Clinical characteristics of patients with 2019 coronavirus disease in a non-Wuhan area of Hubei Province, China: a retrospective study

We retrospectively analyzed patients diagnosed with COVID-19 hospitalized from January 16, 2020 to February 10, 2020. Patients suspected of having COVID-19 were admitted and quarantined, and throat swab samples were collected and tested for severe acute respiratory syndrome coronavirus 2 (SARS-CoV-2) by quantitative polymerase chain reaction assay (qPCR). Patients diagnosed with COVID-19 were enrolled in this study and asked to sign a written informed consent form during hospitalization. This study was approved by the ethics committee of Jingzhou Central Hospital. The patients have not been reported in any other submission by anyone else.

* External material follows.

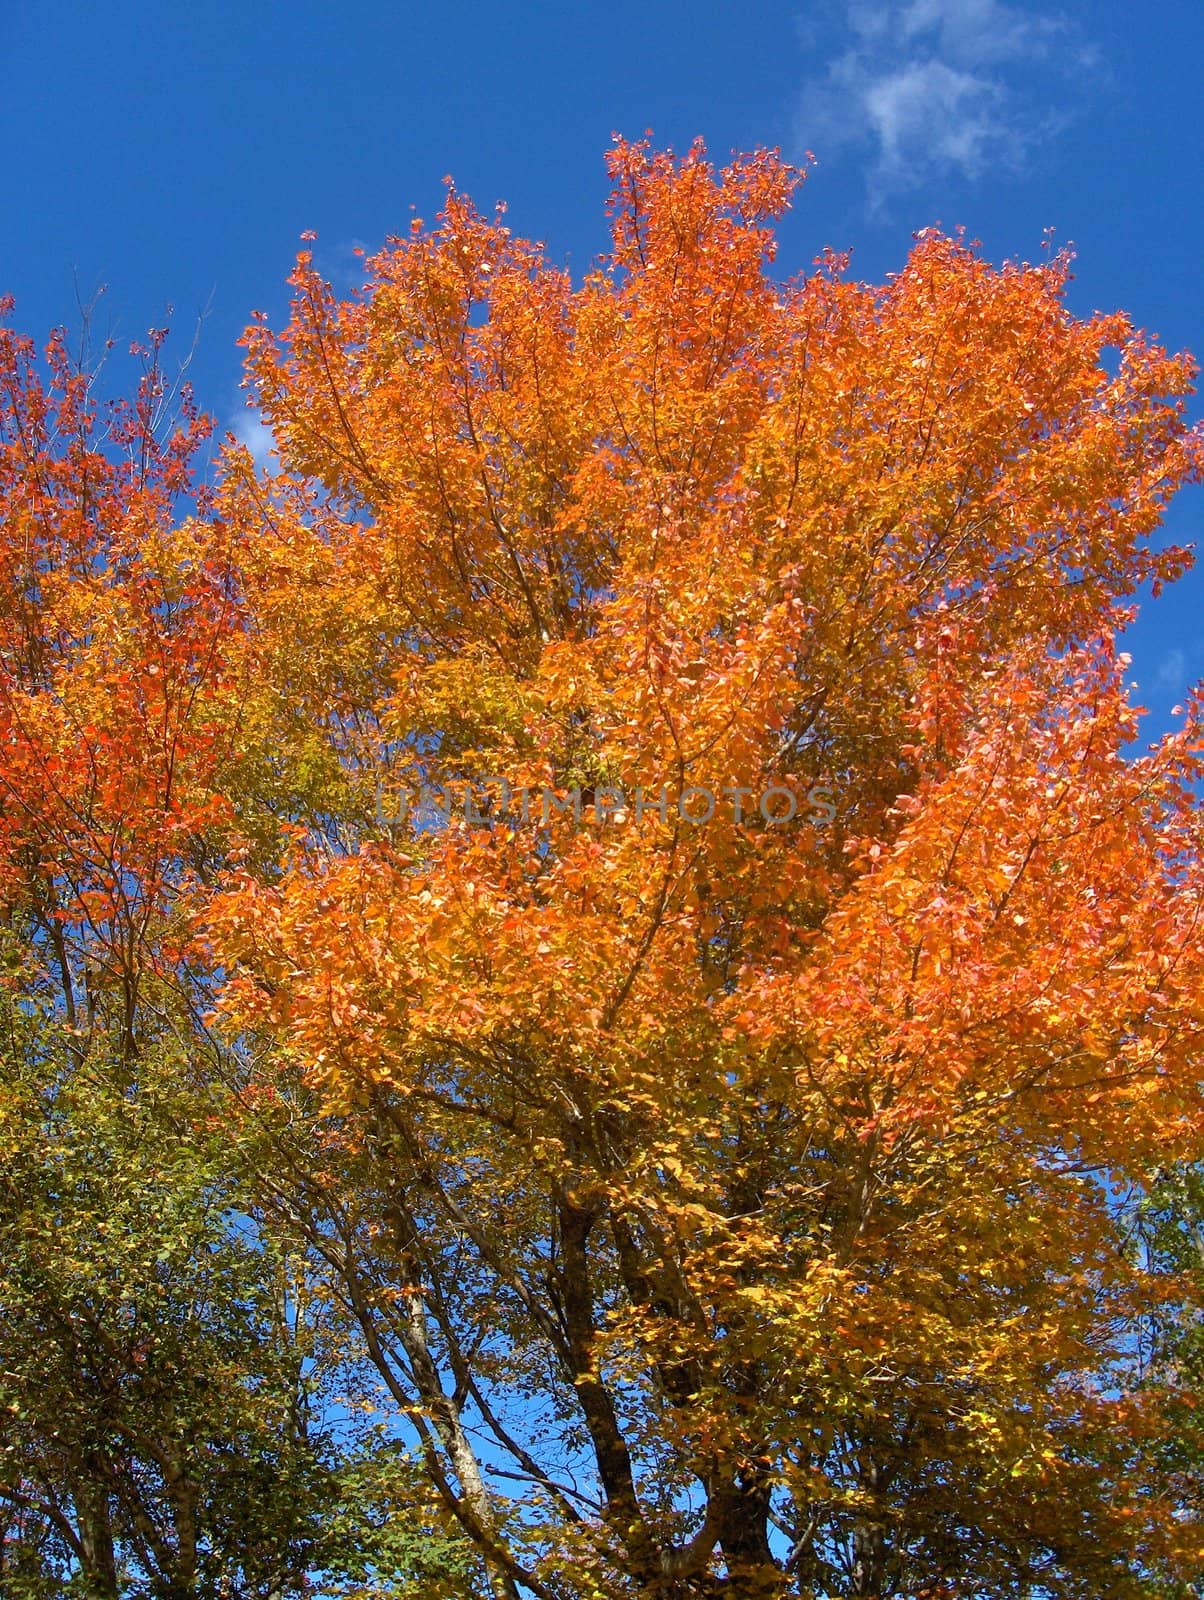 A colorful tree in autumn against a blue sky.
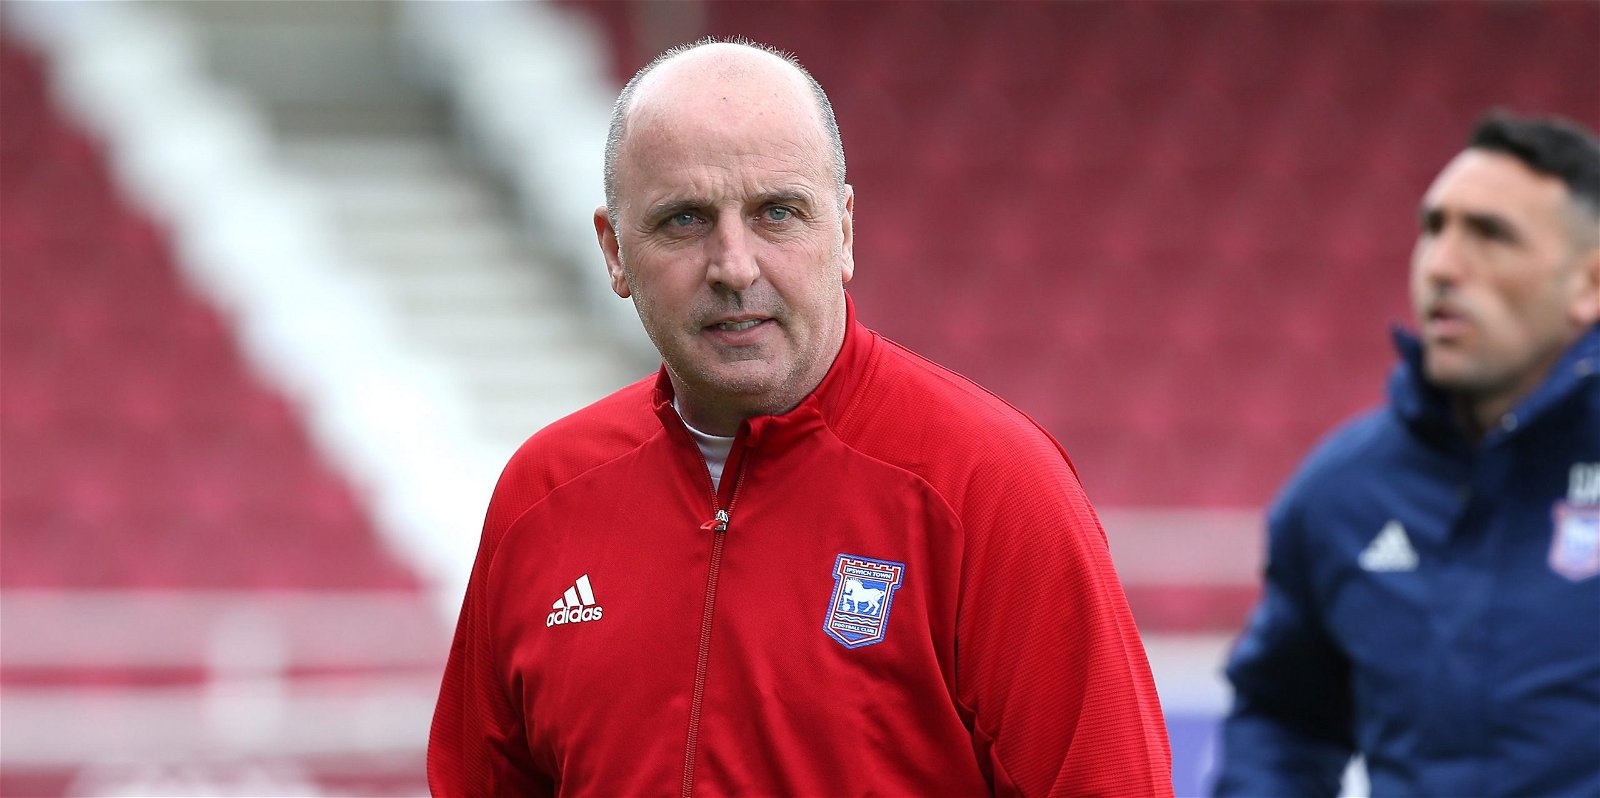 , Ipswich Town season preview &#8211; 10 new faces, Cook eyeing his second League One title

The final date of follow-up was February 10, 2020.

Clinical data [age, previous chronic disease, epidemiological history, symptoms, vital signs, computed tomography (CT) images, virus load, laboratory tests, complications, and treatment process] of the 91 patients involved in this study were collected. Acute respiratory distress syndrome was defined according to the Berlin definition [6]. Liver injury was judged by alanine aminotransferase (ALT) and aspartate aminotransferase (AST) levels. Acute kidney injury was identified according to elevated creatinine (Cr) and uric acid levels. The presence of cardiac injury was confirmed if the serum levels of cardiac biomarkers [cardiac troponin i (CTnI), creatine kinase (CK), creatine kinase isoenzyme (CK-MB)] were elevated. The diagnosis of COVID-19 was made by the comprehensive evaluation of epidemiological exposure, symptoms, laboratory tests, chest CT scan, and qPCR analysis.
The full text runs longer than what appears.